[Numpy-discussion] array of matrices

Anne Archibald peridot.faceted@gmail....
Sat Mar 28 23:15:57 CDT 2009

2009/3/28 Geoffrey Irving <irving@naml.us>:
> On Sat, Mar 28, 2009 at 12:47 AM, Robert Kern <robert.kern@gmail.com> wrote:
>> 2009/3/27 Charles R Harris <charlesr.harris@gmail.com>:
>>> On Fri, Mar 27, 2009 at 4:43 PM, Robert Kern <robert.kern@gmail.com> wrote:
>>>> On Fri, Mar 27, 2009 at 17:38, Bryan Cole <bryan@cole.uklinux.net> wrote:
>>>> > I have a number of arrays of shape (N,4,4). I need to perform a
>>>> > vectorised matrix-multiplication between pairs of them I.e.

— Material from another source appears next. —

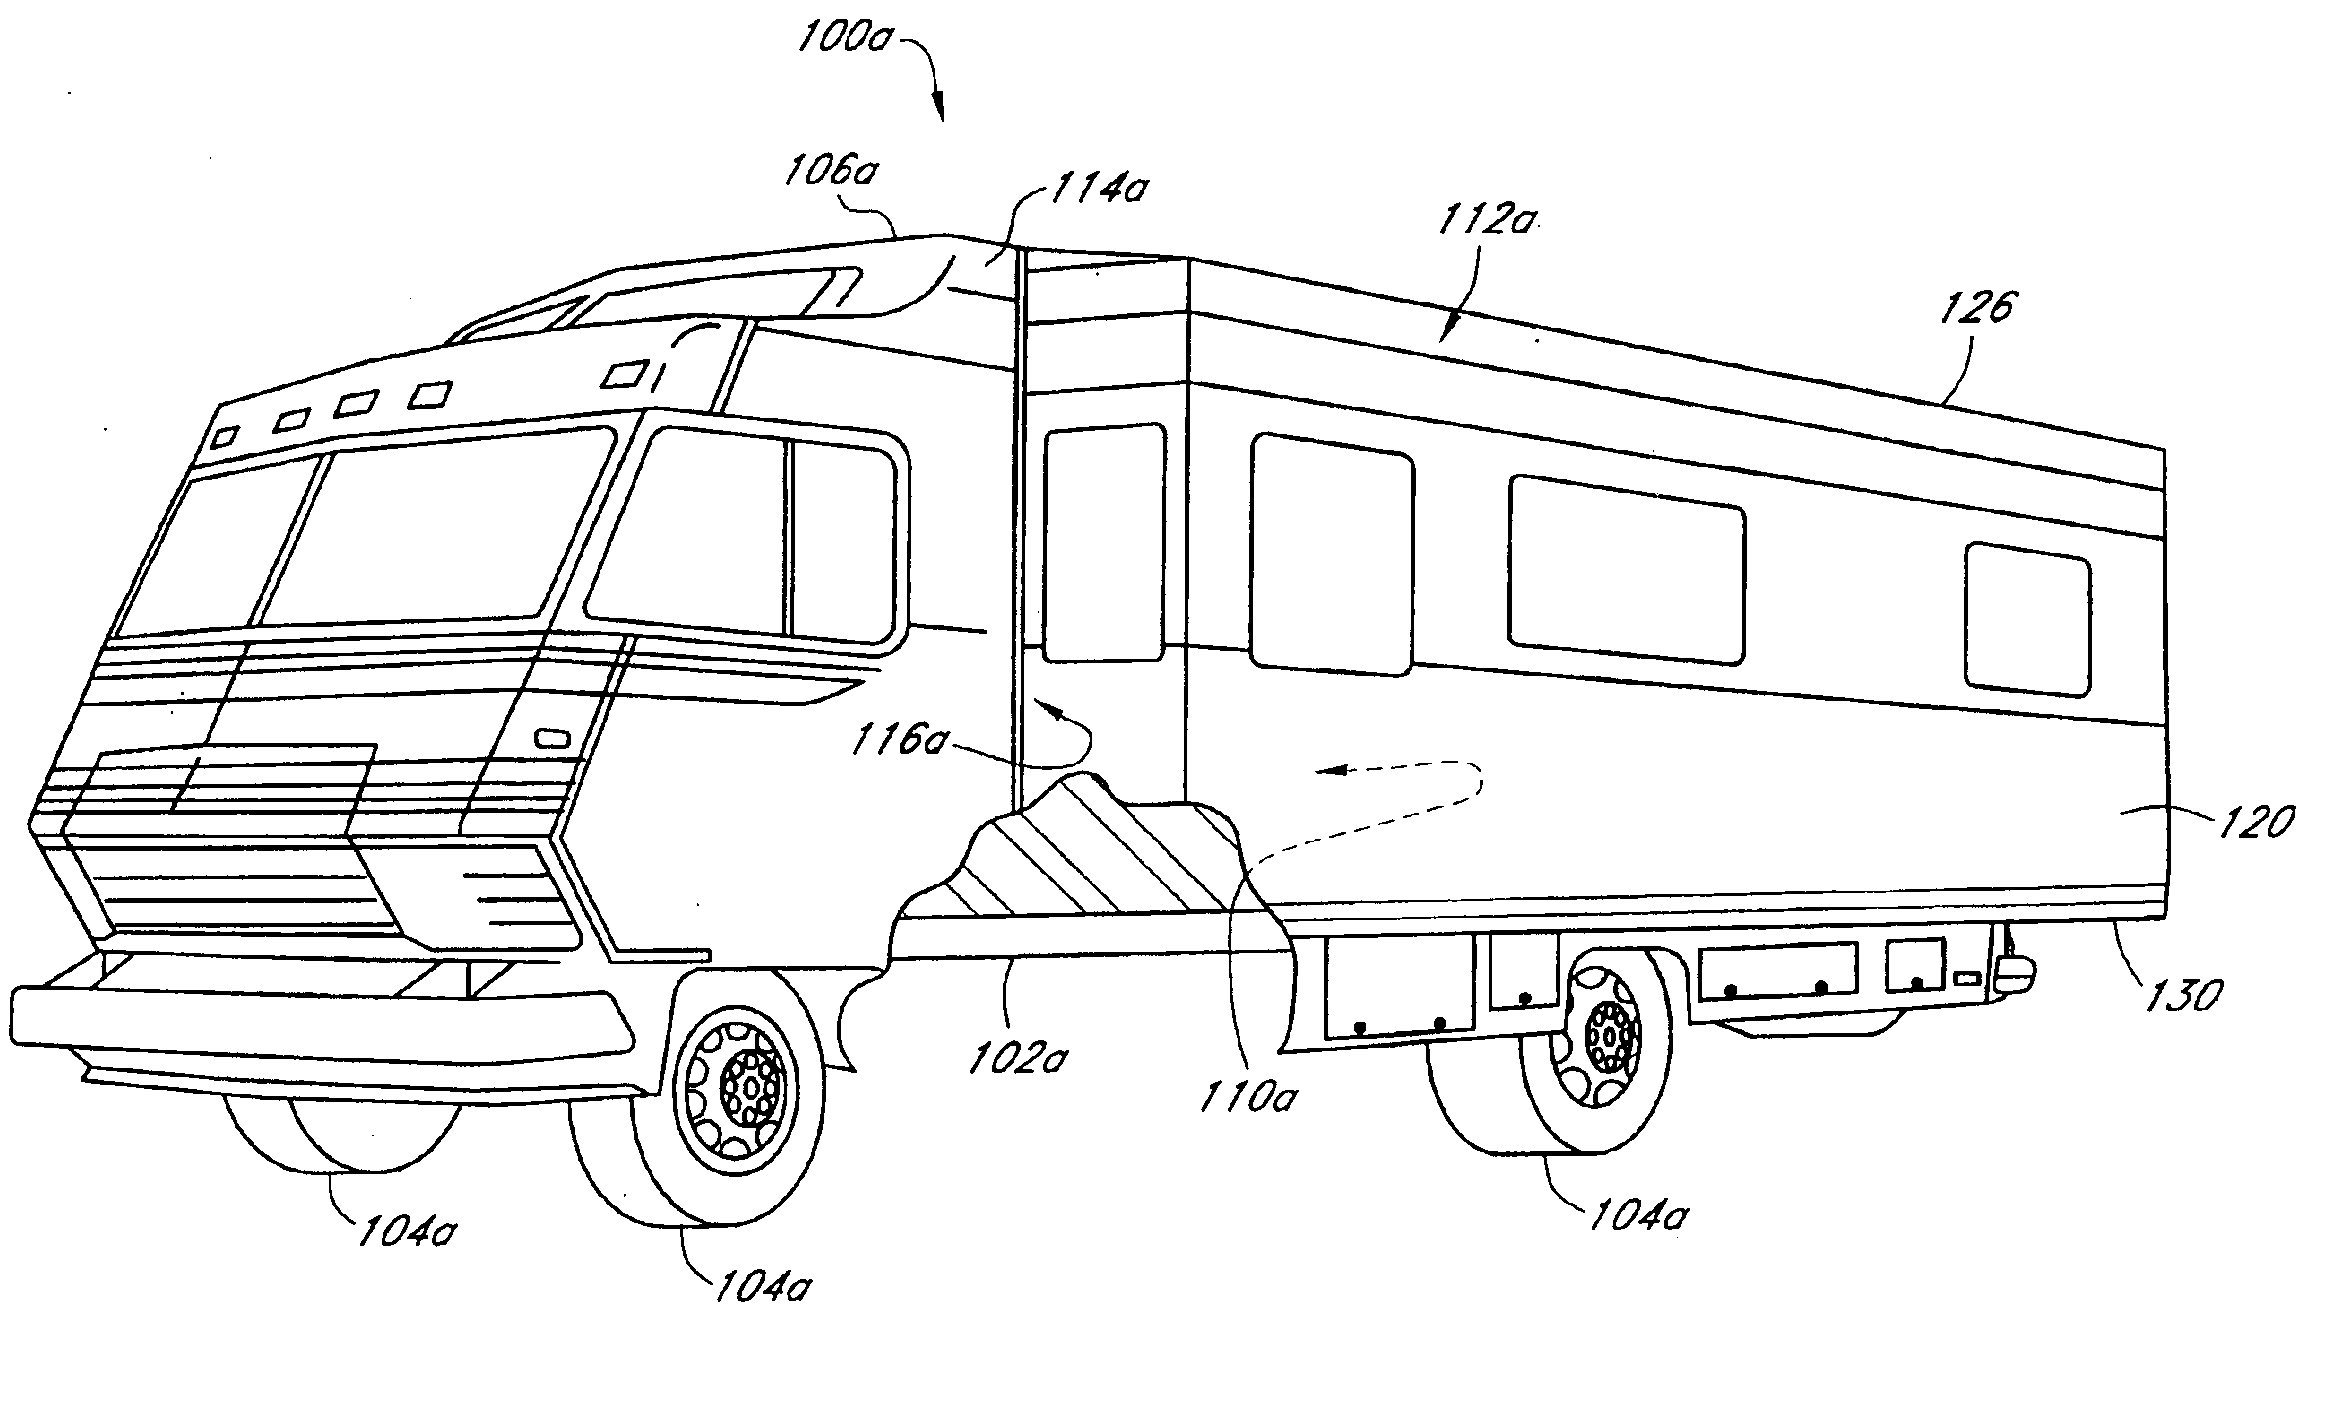 Securing mechanism for recreational vehicle slide outs

>>>> > matrix-multiplication rules for the last two dimensions, usual
>>>> > element-wise rule for the 1st dimension (of length N).
>>>> >
>>>> > (How) is this possible with numpy?
>>>> dot(a,b) was specifically designed for this use case.
>>> I think maybe he wants to treat them as stacked matrices.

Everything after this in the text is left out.